Games! Photo by Declan (TM) retrieved from Flickr. Used under Creative Commons license.
Games! Photo by Declan (TM) retrieved from Flickr. Used under Creative Commons license.

With technology seeping into most every aspect of life, it is important to take a step back and evaluate what are the best, most appropriate applications in your professional and personal life. How much technology is too much? Does a game/program enhance how a particular topic is conveyed?  Can games induce excitement about certain content?

In September 2012, Edudemic, in partnership with Knewton, posted an article titled, The 100-Second Guide To Gamification In Education.  Gamification is becoming a growing trend in which games are introduced as a teaching tool to supplement the delivery of core curriculum.  Therefore, the question remains, if over 5 million people play games more 45 hours a week, what elements of gaming can be cultivated for education? As a follow-up to this article, this month Edudemic posted 25 Things Teachers Should Know About Gamification.
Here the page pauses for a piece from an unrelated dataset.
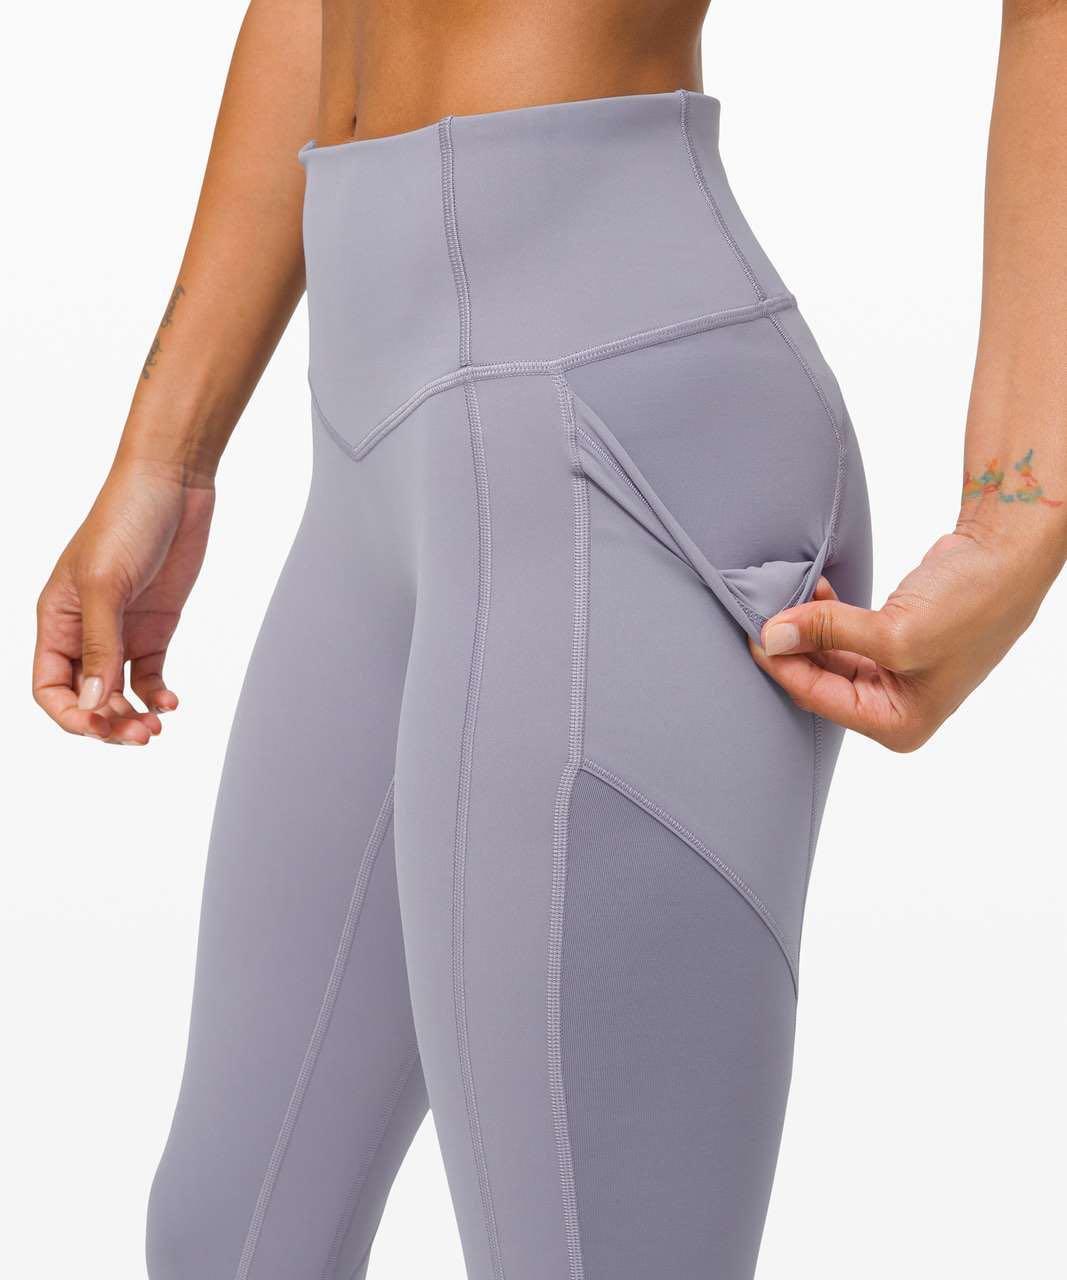 https://media.karousell.com/media/photos/products/2022/2/11/lululemon_all_the_right_places_1644549380_a12e4c08_progressive.jpg

Here are three points made in the full article;

#11. Gamification is designed with the assumption that players aren’t initially interested. This means games are exciting and engaging enough to capture the attention of an uninterested student and carry them through to the end.

#16. One goal of Gamification in the school setting is to allow kids to be creators of their own knowledge, allowing the teacher to be an assistant to the child’s learning journey.

#18. Gamification models are being used in other educational settings as well, such as job trainings and seminars.

2 thoughts on “Gamification in Education”

  1. I’ve been following gamification for a while but mostly from a fitness and consumer standpoint. Education is another good reach as it empowers the person/ student learning something new. It’s a great tool if used correctly.